* [WORK TO COMPLETE] In the data that follows, find the line with "Captain Marvel: Marvel"; transcribe it, every later line up to the one with "Grande dipinti astratti", and that line as well, exactly and with no others.

* [RECORDS SHOWN]
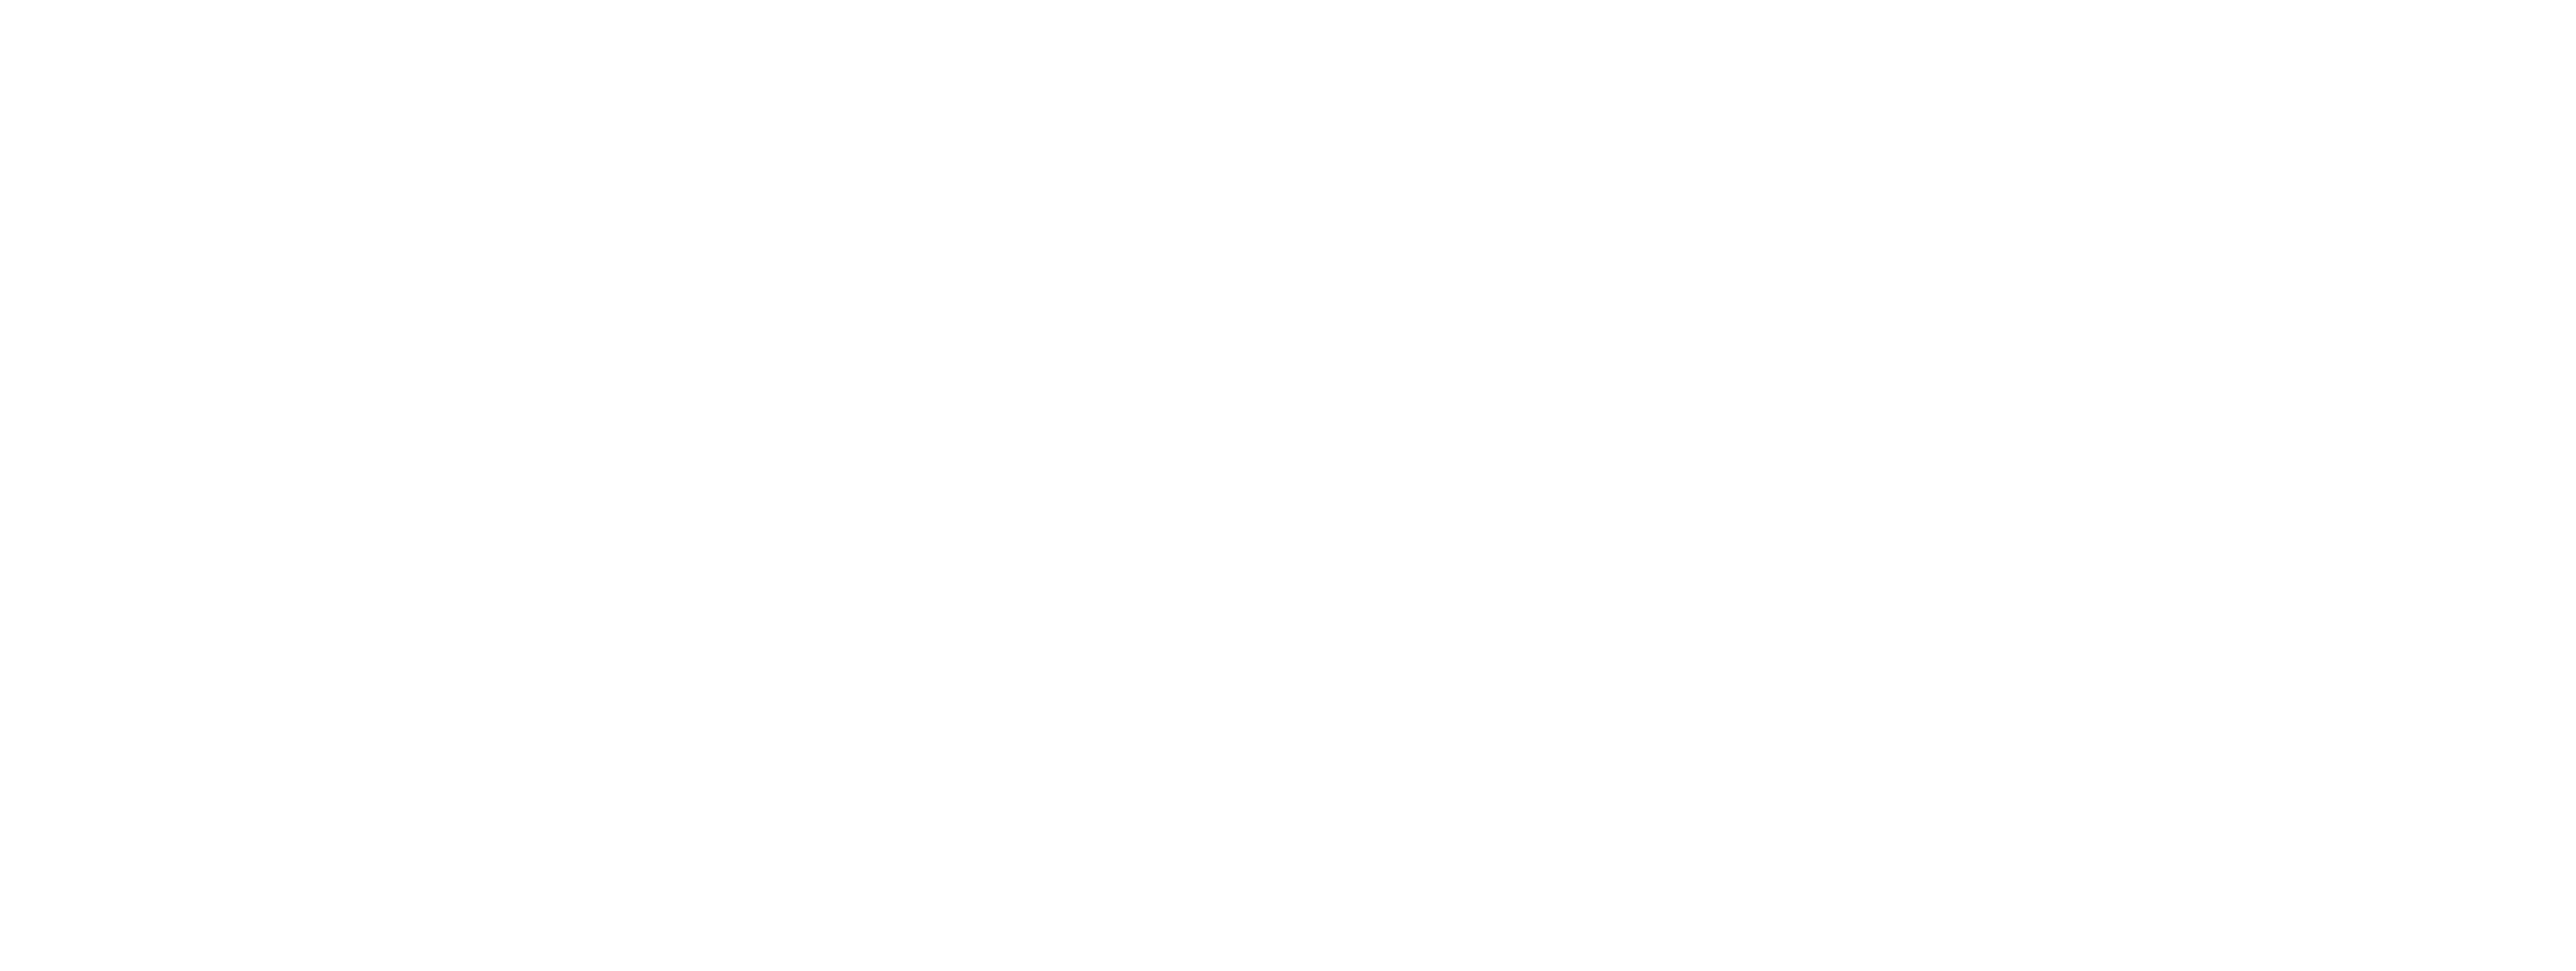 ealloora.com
...
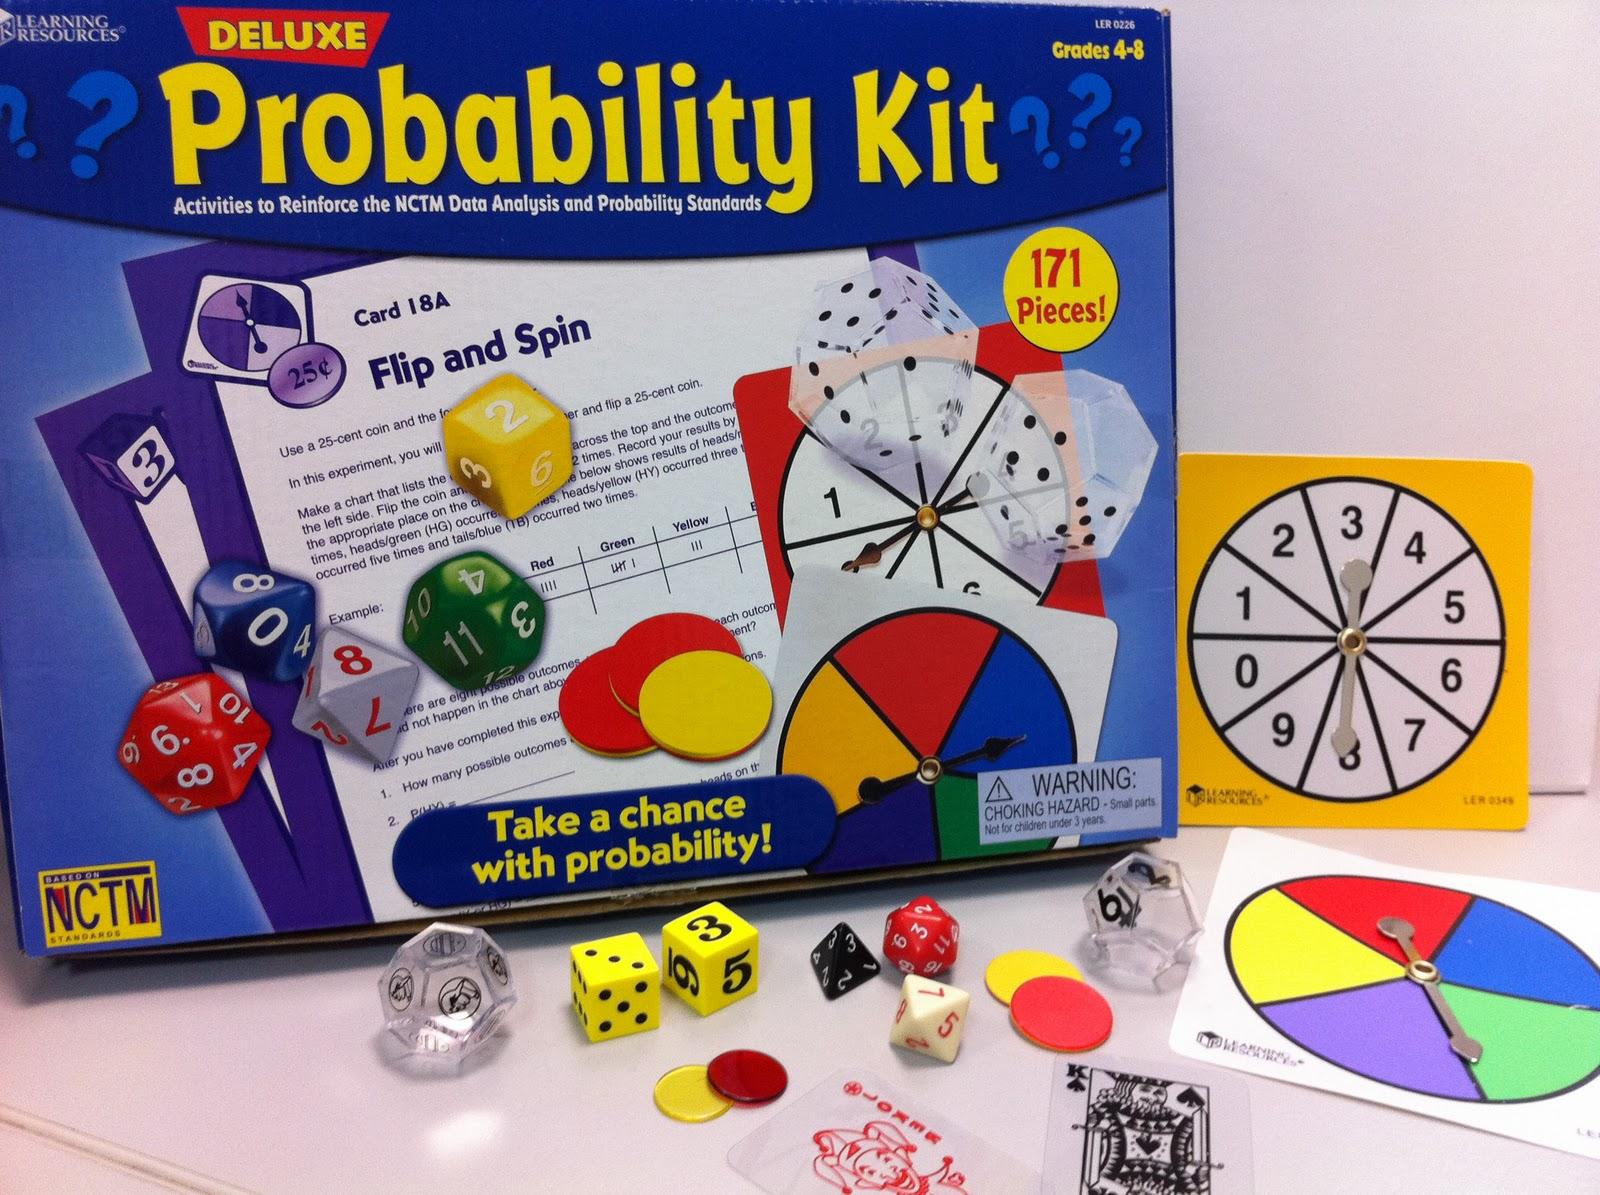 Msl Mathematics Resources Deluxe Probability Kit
--
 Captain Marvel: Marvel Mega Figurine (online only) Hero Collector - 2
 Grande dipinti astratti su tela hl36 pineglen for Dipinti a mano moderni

* [TASK ANSWER]
 Captain Marvel: Marvel Mega Figurine (online only) Hero Collector - 2
 Grande dipinti astratti su tela hl36 pineglen for Dipinti a mano moderni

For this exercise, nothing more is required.